Coupled with the report last month by the
International
Labour Organisation that a quarter of Britons work longer than 48 hours a
week, the picture of a happy work/life balance is pretty bleak.
"The role that email plays in office politics, the fear of missing something
and being blamed for it, and the amount of personal email received at work
account for the lack of delegation and obsessive inbox scanning behaviour
contributing directly to the addiction," said Dr Monica Seeley, founder of Mesmo
Consultancy.
"Moreover, as the survey showed, the majority of users are expecting to
receive a reply to a business email in less than 24 hours. And if a reply is
sent immediately, that sets the expectation for the next round of
communications, fostering a reactive and unproductive way of working."

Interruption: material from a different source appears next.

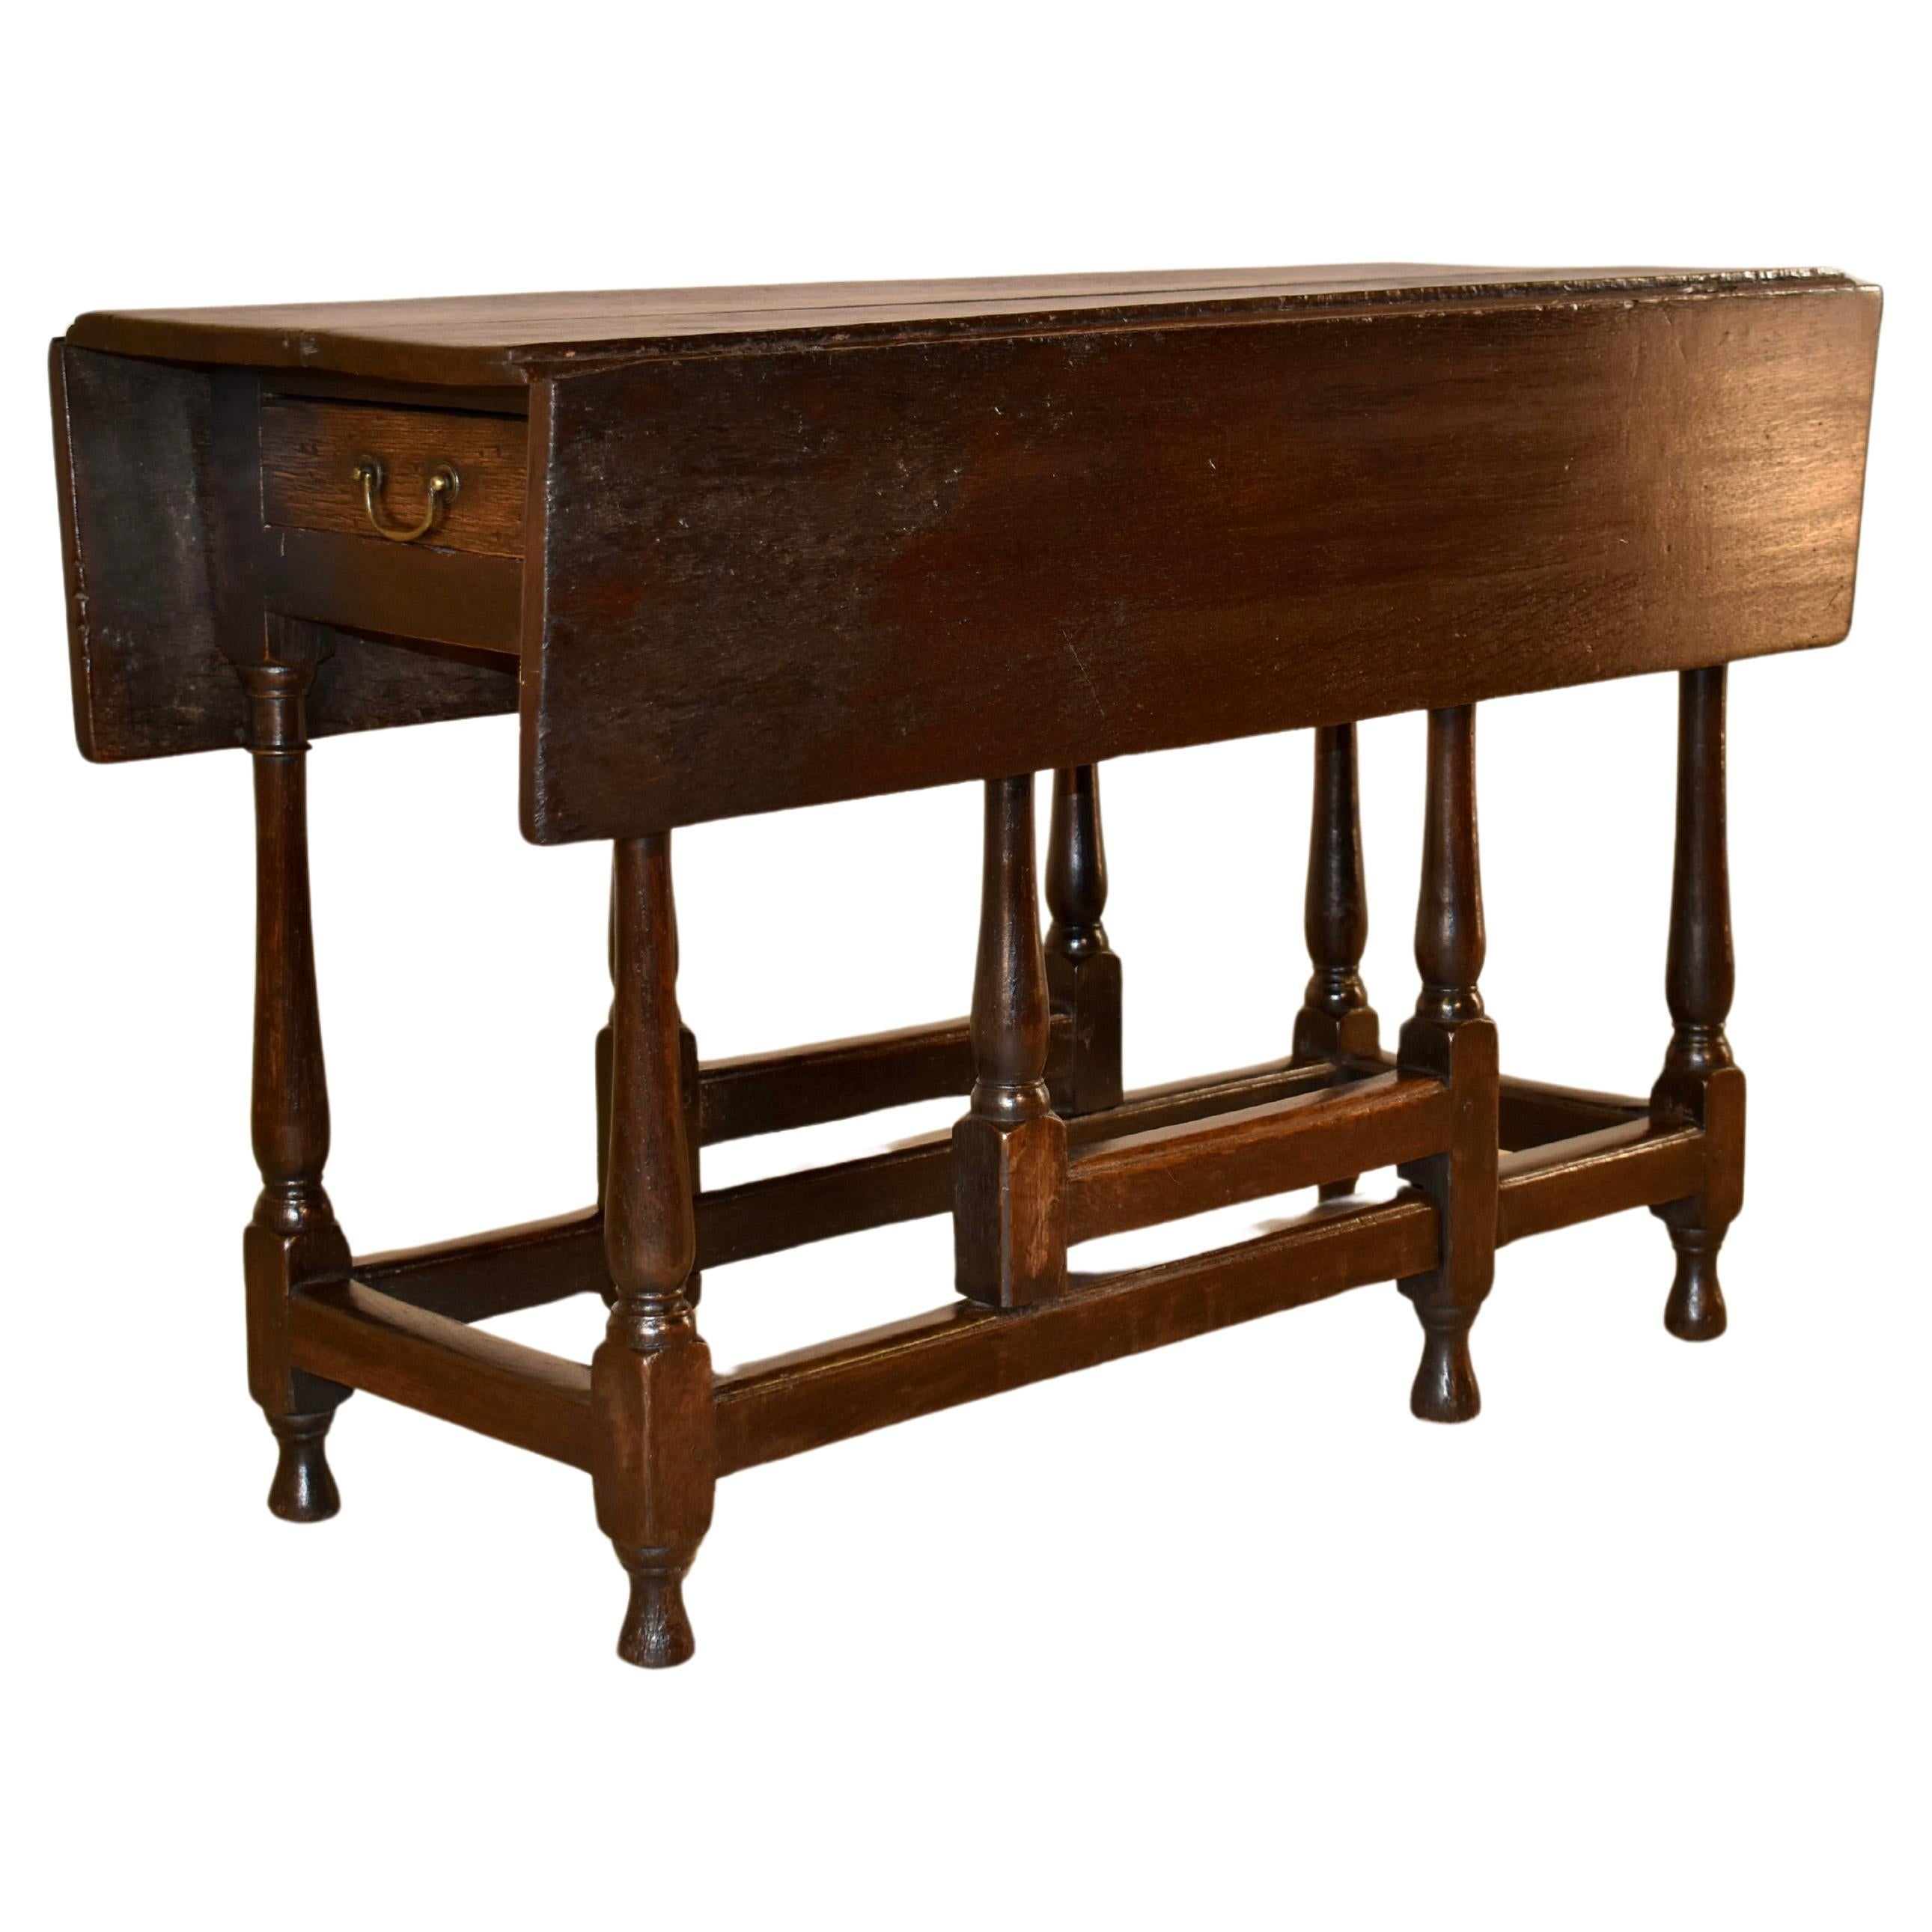 Late 17th - Early 18th Century Drop Leaf Table from England

In a technology-enabled 'always-on' society, where people are connected to
their workplace 24/7, email addiction is rapidly becoming widespread,
highlighted by the mushrooming number of internet sites and blogs suggesting
rehab tips and techniques.
As the Mesmo survey reported, only 17 per cent of respondents give colleagues
permission to deal with their emails in their absence and over 80 per cent read
every single email in their inbox.
Even the survey itself highlighted the issue. The research, conducted by
email among 4,000 UK business users with 66 per cent of respondents at
managerial or director level, attracted approximately half of the responses
within the first hour of sending out the survey.
This indicates that the majority of business users are willing to be
distracted from the task in hand by emails landing in their inbox, breaking
concentration with obvious loss of productivity as a consequence.